A new law set to go into effect next week will require moped owners to register their vehicles with the state.
Senate Bill 404, which was passed into law during the 2015 Nevada Legislature, mandates that moped owners must obtain a license plate for their scooters starting Nov. 1. Moped owners have until Jan. 1 to register their vehicles before law enforcement begins issuing citations to those who have yet to obtain a license plate.
The law is said to have been passed largely to deal with moped thefts, according to the Nevada Department of Motor Vehicles.
Nye County Sheriff’s Office 1st Sgt. Harry Williams said the office is often unable to track down owners of impounded mopeds.
“The law was put in place to be able to track down unregistered scooters, bikes like that because we have a problem with theft. It’s not just scooters, it’s off-road vehicles as well,” Williams said. “So you get a lot of people stealing mopeds, off-road vehicles, and there’s no way to track them down. If they don’t keep their VIN numbers, we are unable to put them in our system and be able to figure out if they are stolen or not.”
Williams said a lot of people don’t keep the paperwork that has a VIN (vehicle identification number) when they buy mopeds, which makes it difficult to determine if a moped has been stolen.
The Nye County Sheriff’s Office impound yard has a few dozen impounded mopeds, according to Williams.
“If we can’t auction them off or do whatever they do with them after the impound yard, it’s probably sometimes years that they’ve been in there,” Williams said.
As it stands, law enforcement has no easy way to determine whether a moped is stolen or to notify the owner of an impounded vehicle. Once located, owners often have no proof of ownership for their mopeds, the DMV said in a statement.
Sheriff’s Office Sgt. Eric Murphy said the department is typically allowed 90 days to find the owner but often ends up keeping mopeds much longer.
“The way the statute is written, we have to try every means necessary to find the legal owner,” he said. “Some of the means would be running the VIN number, see if we can track it that way or go into the report and see if they listed whom they stopped on a moped, and then we send them a certified letter so we can keep track of it.”
In addition to aiding theft cases, the DMV stated that moped registration will also enhance public safety by ensuring riders are licensed drivers and that the vehicles are registered and insured.
“Moped theft has been a difficult problem,” said Officer Chuck Callaway of the Las Vegas Metropolitan Police Department. “Registration will help in both locating owners and prosecuting offenders.”
To register their mopeds, owners must bring their vehicles to the DMV for an inspection to determine whether the vehicle is a moped and to establish the vehicle identification number.
In rural counties where there is no DMV office, a sheriff or deputy sheriff can complete the inspection, but the vehicle must still be registered in person at a DMV location.

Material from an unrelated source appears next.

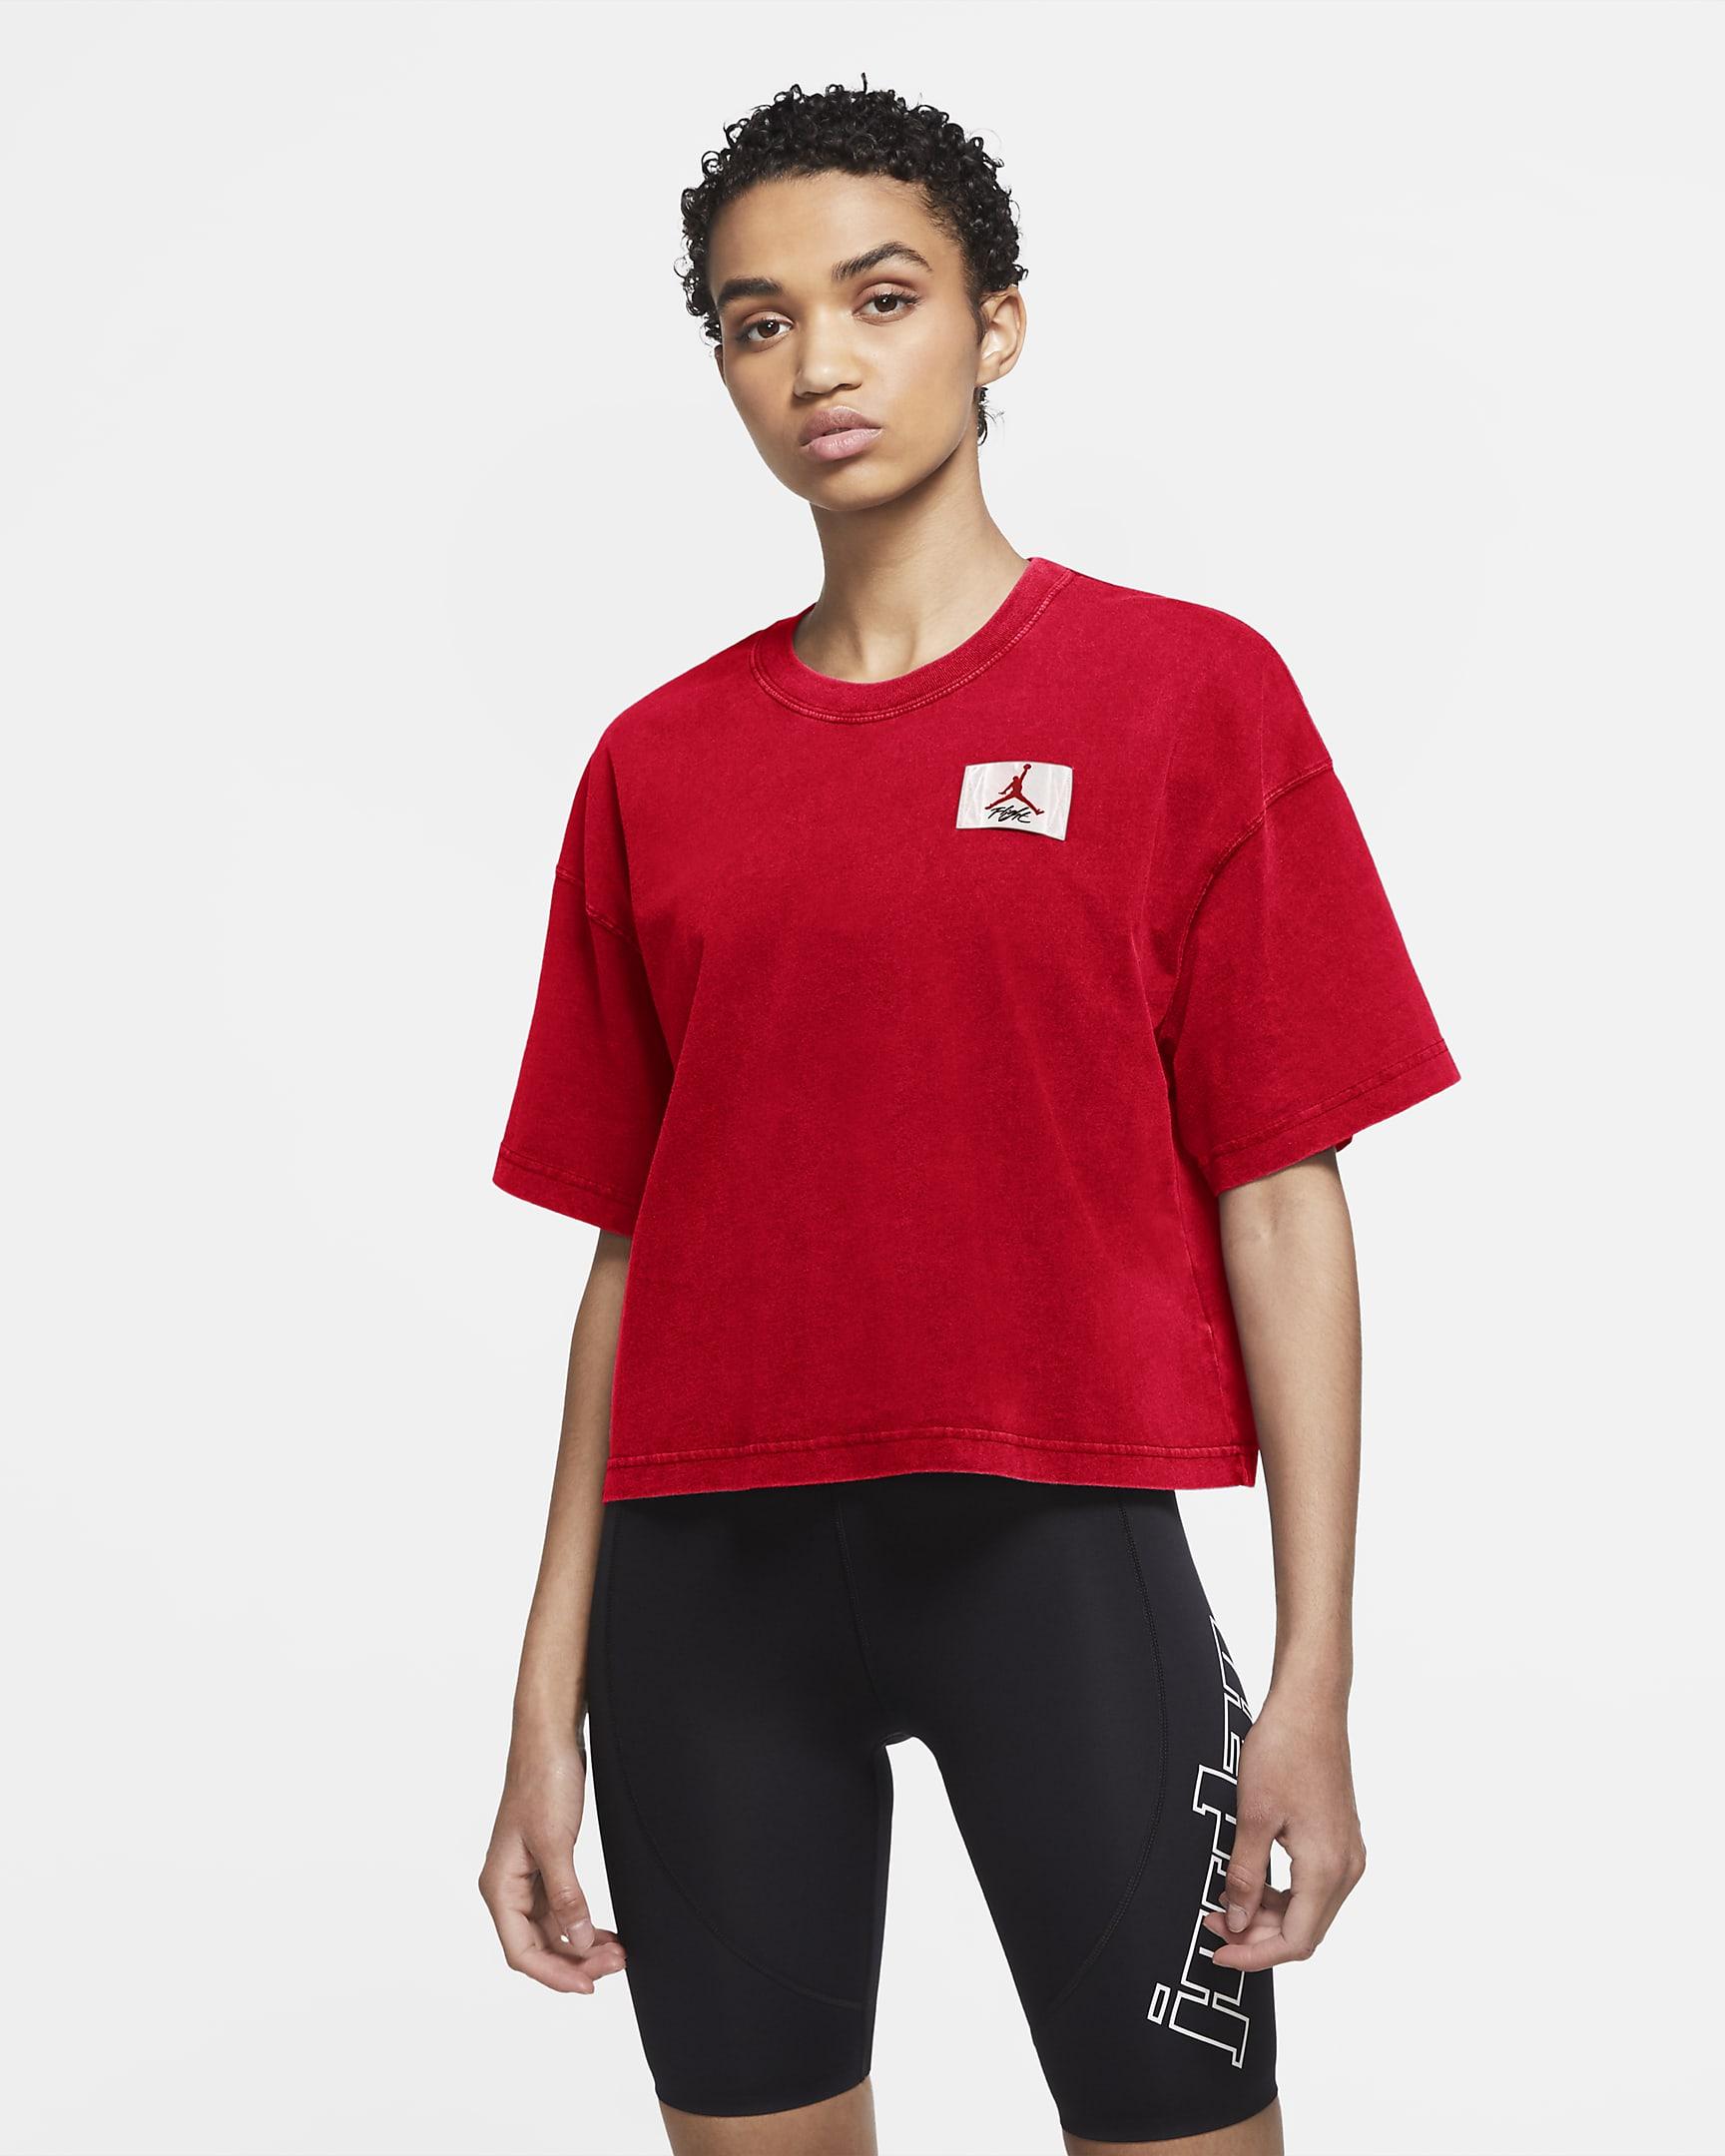 jordan-essentials-womens-short-sleeve-boxy-t-shirt-9xLPQl.png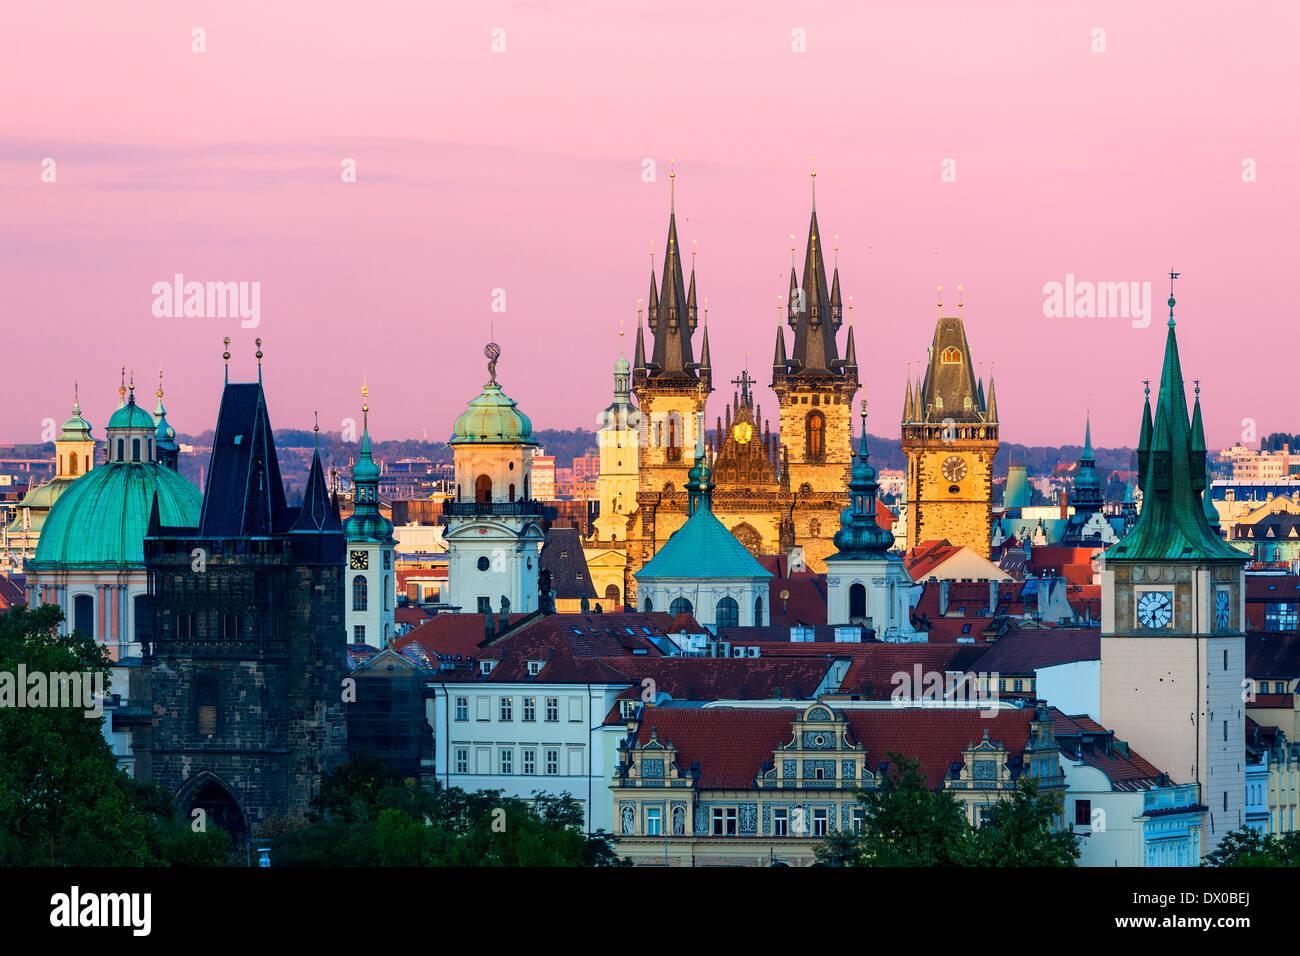 República Checa, horizonte de Praga al anochecer Imagen De Stock

“Make an appointment to register your moped,” said Terri Albertson, director of the Nevada DMV. “This will get you through the process as quickly as possible and help us keep the impact on our offices to a minimum.”
Registration fees for a typical moped will total approximately $60. The price includes a $33 registration fee, one year of Governmental Services Taxes based on vehicle value, license plate fees and miscellaneous charges.
Tax exemptions and fee credits can be applied. An additional title fee will apply if a title is issued.
The moped registration will remain valid as long as the owner retains the vehicle, as there is no annual renewal like most other vehicles.
Murphy said he expects the new law to make it easier to track down owners of mopeds.
“What the new law will do is it will make them have to have that (VIN) number,” Murphy said. “It will be on the vehicle and then, when we run that number, DMV will be able to have a hit on it.”
Mopeds are issued a distinctive moped license plate and the DMV will issue a title to an owner if they can meet the requirements for a title. Otherwise, the owner will receive a registration only.
If the vehicle is determined to be a motorcycle through the DMV inspection or a citation from law enforcement, the owner will have to register and ride it as a motorcycle with annual registration, insurance, helmet use and Class M license, according to the DMV.
Under Nevada law, a “moped” constitutes a motor-driven scooter, motor-driven cycle or similar vehicle that is propelled by a small engine which produces not more than two gross brake horsepower, has a displacement of not more than 50 cubic centimeters or produces not more than 1500 watts final output.
A moped must also reach a maximum speed of not more than 30 miles per hour on a flat surface with not more than one percent grade in any direction when the motor is engaged.
Senate Bill 404 additionally requires any business that sells, leases or rents mopeds to obtain a DMV business license. Information and applications are available on the DMV website at www.dmvnv.com.